Chile is the first South American nation to sign, with complete bipartisan support within the country, a Free Trade Agreement with the United States. Now, why do Chilean workers support free trade policies? Because while the nation in the 1970s was initiating its free-trade development strategy it was also establishing a pioneering system of personal retirement accounts as the foundation of its Social Security policy.
The connection between the two is important. All around the world, trade liberalization is cast as a battle between capitalists and workers, between “global elites” and the “common man.” In Chile, however, market-invested retirement funds mean that every worker is a capitalist and has a visible stake in an internationally competitive economy. In Chile, to be anti-globalization is to be both anti-capitalist and anti-worker.
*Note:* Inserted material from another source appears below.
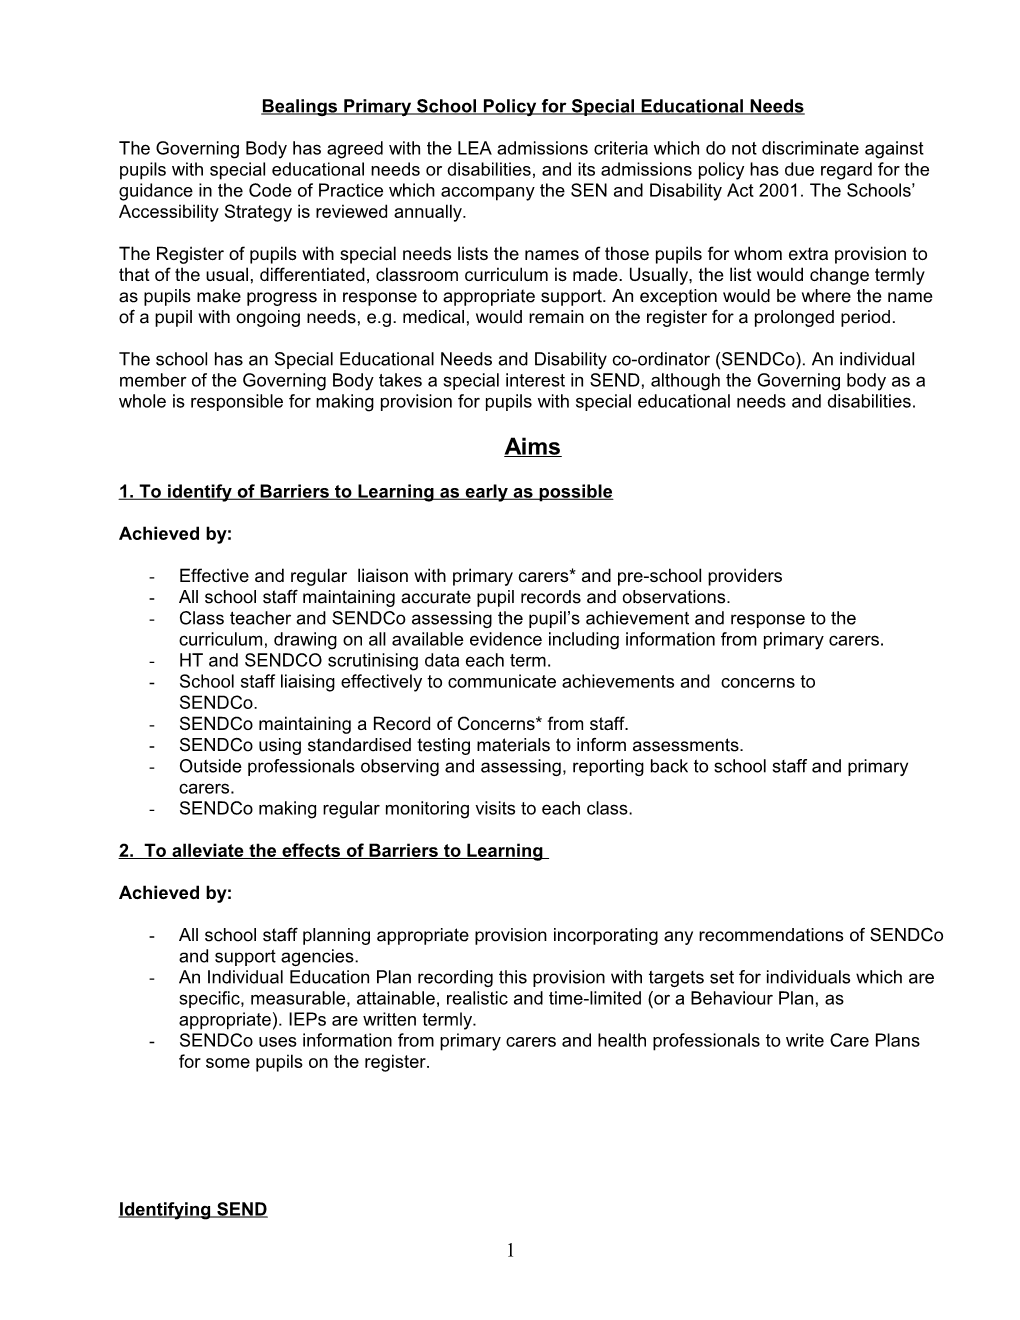 Cedarwood Primary School Policy for Inclusion- May 2007

A vast majority of Chileans benefits from free trade not just as consumers, but also as owners of the productive assets of the economy through their retirement accounts. Free trade is good for the economy, and what’s good for the economy is good for investors. Thus there is a virtuous cycle of trade liberalization that has so far thrived regardless of the political party in power.
Chile already has a 6 percent flat tariff rate that is low compared to the rates of most countries and, more importantly, it is applied equally to all imports. The flat tariff decision of the 1970s was critical. A differentiated tariff not only creates economic distortions that slow economic growth, but it continually generates special interest pressures and opportunities for corruption. With a flat rate, a politician can’t be bought on trade issues… because he has nothing to sell.
Before this latest deal, Chile signed an FTA with the European Union and another with Korea. It also has several bilateral free trade agreements with countries like Canada and Mexico. Complete free trade is at hand. The mere possibility of zero import tariffs is stunning in an economy that in the 1960s was one of the most protectionist in the world. In those days, Chile was a devoted follower of the misguided import-substitution proposals of the Santiago-based United Nations Economic Commission for Latin America.
But in the mid-1970s the country’s trade policy changed radically. Not only did Chile completely dismantle the system of quotas and other trade barriers, but also under the so-called Chicago boys’ liberal economic policies, the low flat tariff policy was adopted. The end result of all these reforms: more than a decade of economic growth at an “Asian tiger” level of 7 percent a year that doubled the size of the Chilean economy and led, for the first time in history, to the highest income per person in the whole region.
Trade liberalization does not take place in a vacuum; the proper overall economic and cultural climate is essential. Social Security choice as implemented in Chile, between the government-run pay-as-you-go system and one of personal retirement accounts has solved the retirement crisis and delivered enormous benefits to workers. It also has made trade and economic liberalization more possible by linking the interests of workers to that of the overall economy.
U.S. Trade Ambassador Robert Zoellick, a real world hero of trade liberalization, courageously stated that “one of the nice things in this agreement is we have some additional access in terms of pension fund management with a Social Security system that I wish we could imitate.”
I hope this FTA is only “the end of the beginning.” There are innumerable initiatives that could spring from greater trade integration. By a kind of intellectual osmosis, we Chileans can integrate into our own reality the basic economic and political concepts of a country “conceived in liberty” by its incomparable Founding Fathers-just as North Americans may benefit from learning about our culture and way of life, a process that, with 37 million people of Hispanic origin in the United States, is well under way.
My dream is an “American Community” of independent nations, cherishing their own cultural identities but joined together in a common market for trade and investment, and with free movement of people and ideas. An American Community would comprise 830 million people and a gross domestic product of $13 trillion.
I salute and join Walt Whitman who once said: “The spirit of the tariff is malevolent. It flies in the face of all American ideals. I hate it root and branch. It helps a few rich men to get rich, it helps the great mass of poor men to get poorer. I am for free trade because I am for anything that will break down the barriers between peoples. I want to see the countries all wide open.”